By December 1960, Nirenberg and Matthaei worked intently on the E. coli system, attempting to incorporate amino acids in the DNAase-supplemented system and to establish definitively that the system was dependent on an RNA template. The two scientists demonstrated that endogenous messenger RNA did stimulate protein synthesis, but they needed a better, less-contaminated RNA preparation. They ultimately decided that the RNA of the tobacco mosaic virus (TMV) would be a viable template. This conclusion converged with the efforts of Heinz Frankel-Conrat at the Berkeley Virus Laboratory, which was leading the race to decipher the code. In the spring of 1961, Nirenberg traveled to Berkeley, visiting Frankel-Conrat’s laboratory to gain facility with TMV. Meanwhile, Matthaei began the experiments on May 15, testing poly-A (polyadenylic acid), poly-U (poly-uridylic acid), poly-(2A)U, and poly-(4A)U for amino acid incorporation.
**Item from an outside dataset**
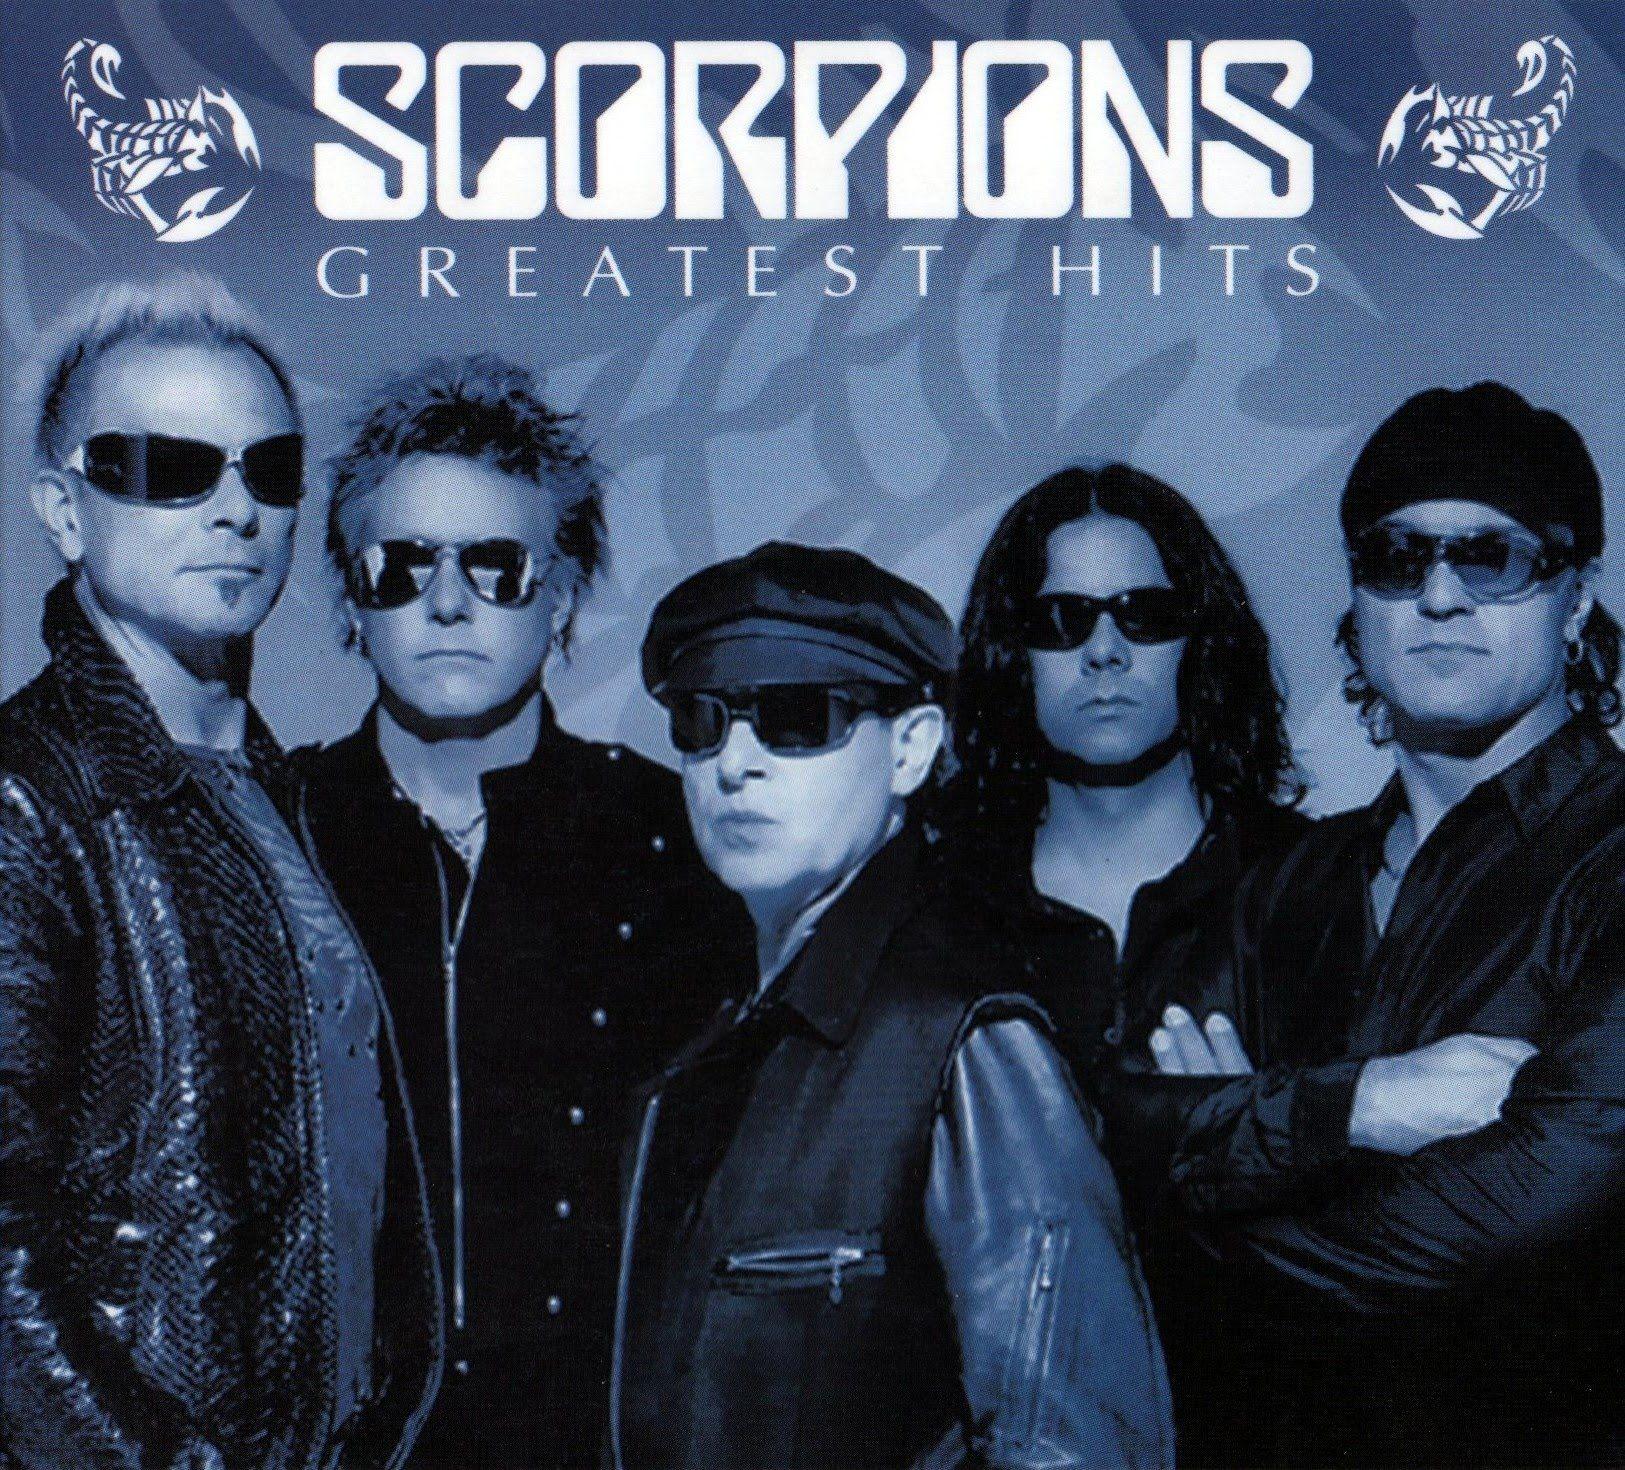 scorpions s greatest hits full album 80s music in 2019 musik. Black Bedroom Furniture Sets. Home Design Ideas
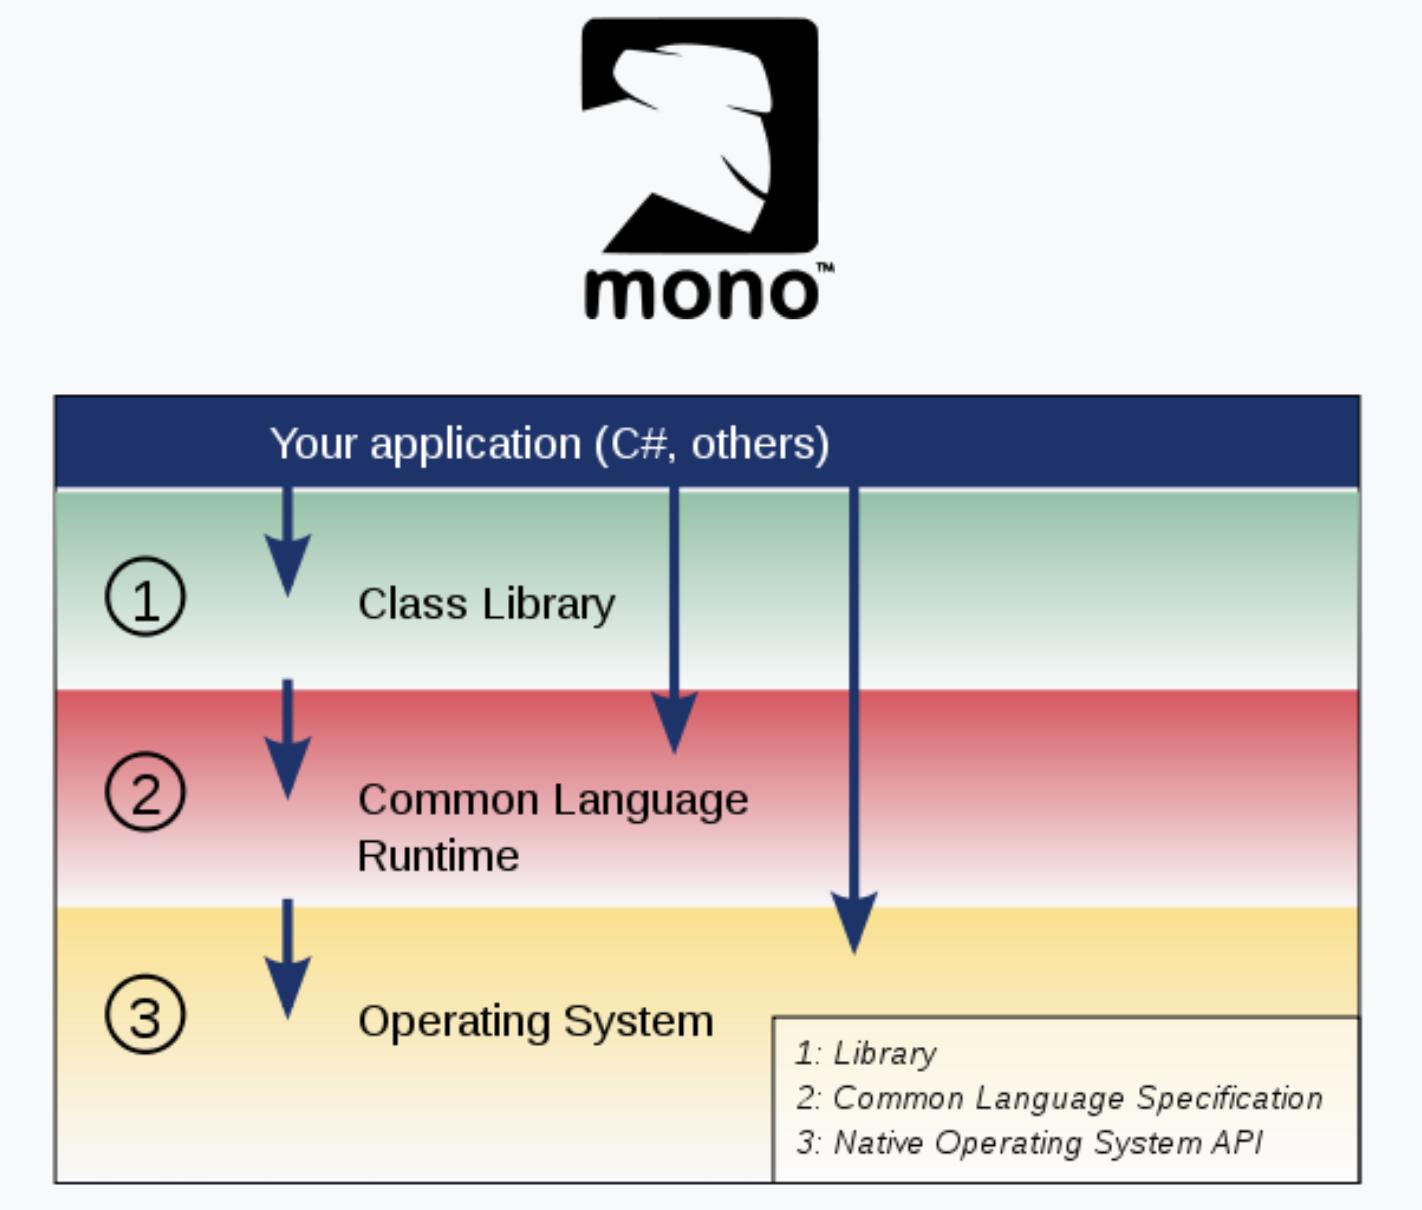 Мигель де Икаса: от Midnight Commander до Mono в .NET 5 - 5

Each synthetic polynucleotide was tested in the presence of 19 unlabeled (cold) and 1 labeled (hot) amino acids. On the morning of May 27, the results of experiment 27Q indicated that poly-U specified the assembly of hot polyphenyalanine. It was the first break in the genetic code.
Matthaei phoned the poly-U results to Nirenberg at Berkeley, but Nirenberg did not release the results publicly. Neither man was a member of biochemistry’s “inner circle”, and thus, Nirenberg wanted to continue experimenting before announcing the momentous discovery. Returning to NIH, he and Matthaei continued their polynucleotide work. It was not until October that they released the information in two papers, although Nirenberg presented his findings at the International Congress of Biochemistry in August. The announcement was a major defeat for Crick and other major players in the field, who had been trying to break the code for years. Some begrudged the obscure young scientists their success, and others claimed that it was a lucky strike. Gamow, in particular, resented not being cited for his work in their 1961 paper. (Nirenberg claimed to have never heard of it.) Nevertheless, Nirenberg and Matthaei accomplished one of the premier feats in the history of science, doing what Nobel laureates and other leading figures had been unable to do.
Biochemical research after this grand achievement was directed primarily toward the completion of the code and took approximately six years. In 1964, Nirenberg and Philip Leder discovered a technique for making coding assignments using trinucleotides, and in the following year, Har Gobind Khorana perfected a precise technique for synthesizing long RNA chains of completely defined sequences. After these achievements, the entire code was elucidated within a year. All 20 amino acids were accounted for, and Crick devised a standard form in which to present the genetic code, a table that has the same importance for biology that the periodic table has for chemistry.
Watson and Crick had won their Nobel Prize in 1962 for discovering the structure of DNA. Nirenberg (along with Gobind Khorana and Robert Holley) matched them in 1968, when he was also awarded the Nobel Prize in Physiology or Medicine. Thus, an incredible achievement for an “outsider” was acknowledged at the end of two decades of amazing research in the nascent field of molecular biology. The discovery of the genetic code, or more accurately the “genetic cipher”, would inaugurate an era of astonishing genetic research that continues today.